I want to produce a matrix which it have in row.names the "gene ID" and in column "Transcription Factor ID" with in value the occurrency of the TF binding related to the nearest gene.

So I have produce a data frame with the wanted three information following these commands :

# create a dataframe with TFs binding site occurencies
geneTF.mtx.tmp = geneTF.df %>% group_by(geneTF.df$geneID, geneTF.df$TFID) %>% summarise(n = n())

# Create a data table from the previously create dataframe
geneTF.mtx.tmp2 = data.table(geneID = geneTF.mtx.tmp$geneID, TfID = geneTF.mtx.tmp$TfID, occurancy  = geneTF.mtx.tmp$occurency)

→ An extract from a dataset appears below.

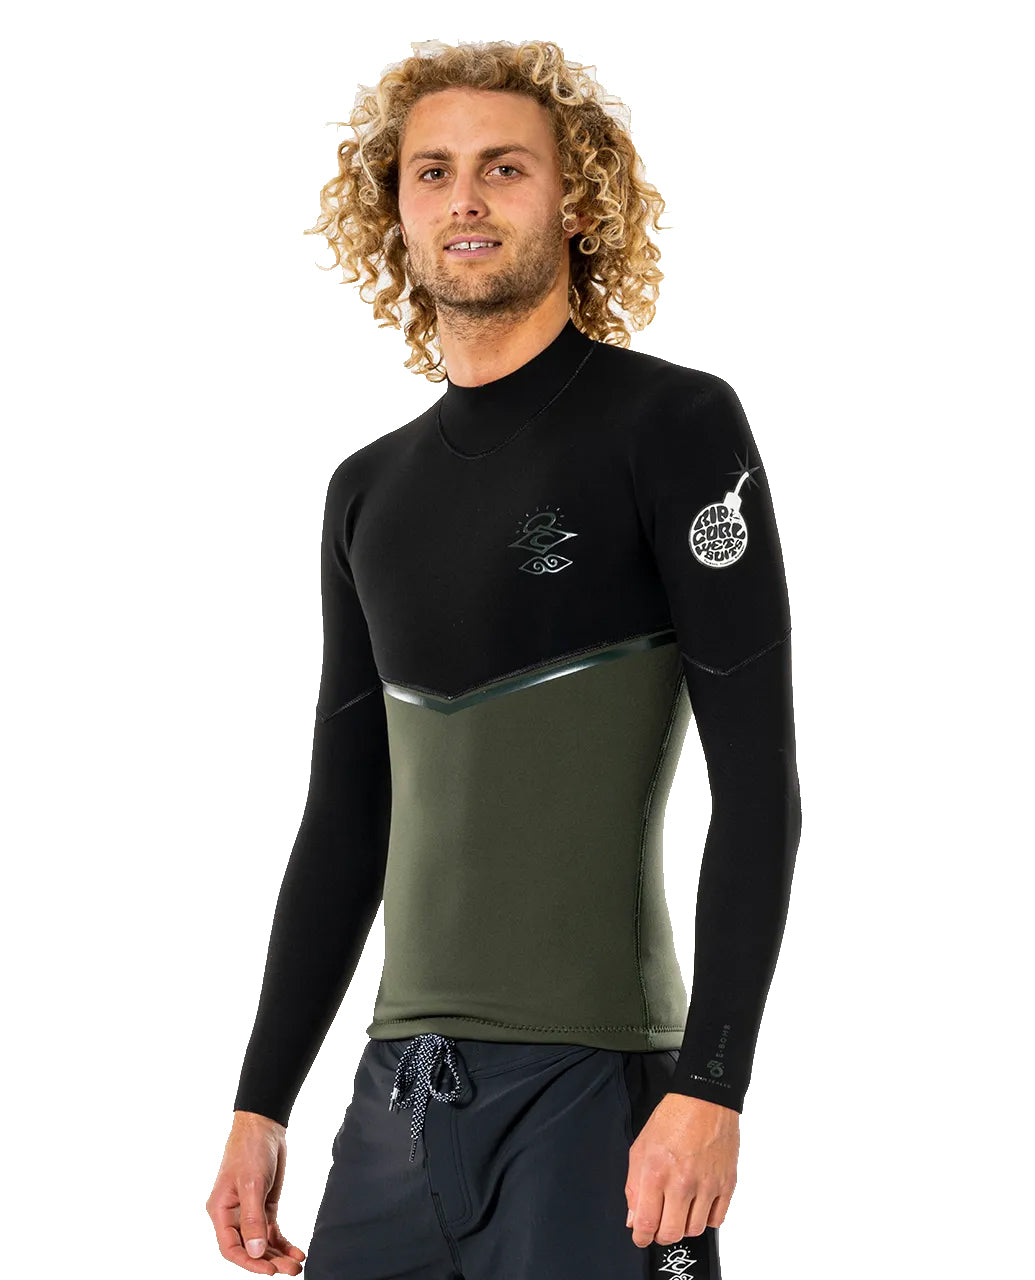 Rip Curl E-Bomb 1.5mm LS GBS Wetsuit Jacket 0058-Olive S

I obtained this type of data frame :

> head(geneTF.mtx.tmp2)
                  geneID
1: CMiso1.1chr01g0058191
2: CMiso1.1chr01g0058191
3: CMiso1.1chr01g0058191
4: CMiso1.1chr01g0058191
5: CMiso1.1chr01g0058191
6: CMiso1.1chr01g0058191
                                                       TfID occurancy
1:     ABF1(bZIP)/Arabidopsis-ABF1-ChIP-Seq(GSE80564)/Homer        24
2:    At3g60580(C2H2)/col-At3g60580-DAP-Seq(GSE60143)/Homer        17
3: At5g04390(C2H2)/col200-At5g04390-DAP-Seq(GSE60143)/Homer        19
4: AT5G60130(ABI3VP1)/col-AT5G60130-DAP-Seq(GSE60143)/Homer        24
5:             ATAF1(NAC)/col-ATAF1-DAP-Seq(GSE60143)/Homer        32
6:           AtGRF6(GRF)/col-AtGRF6-DAP-Seq(GSE60143)/Homer         3

To summary, from this data I want to obtain a matrix with in row names the "geneID" column of the data frame, in column names the the "TfID" column and in value the "occurency" column.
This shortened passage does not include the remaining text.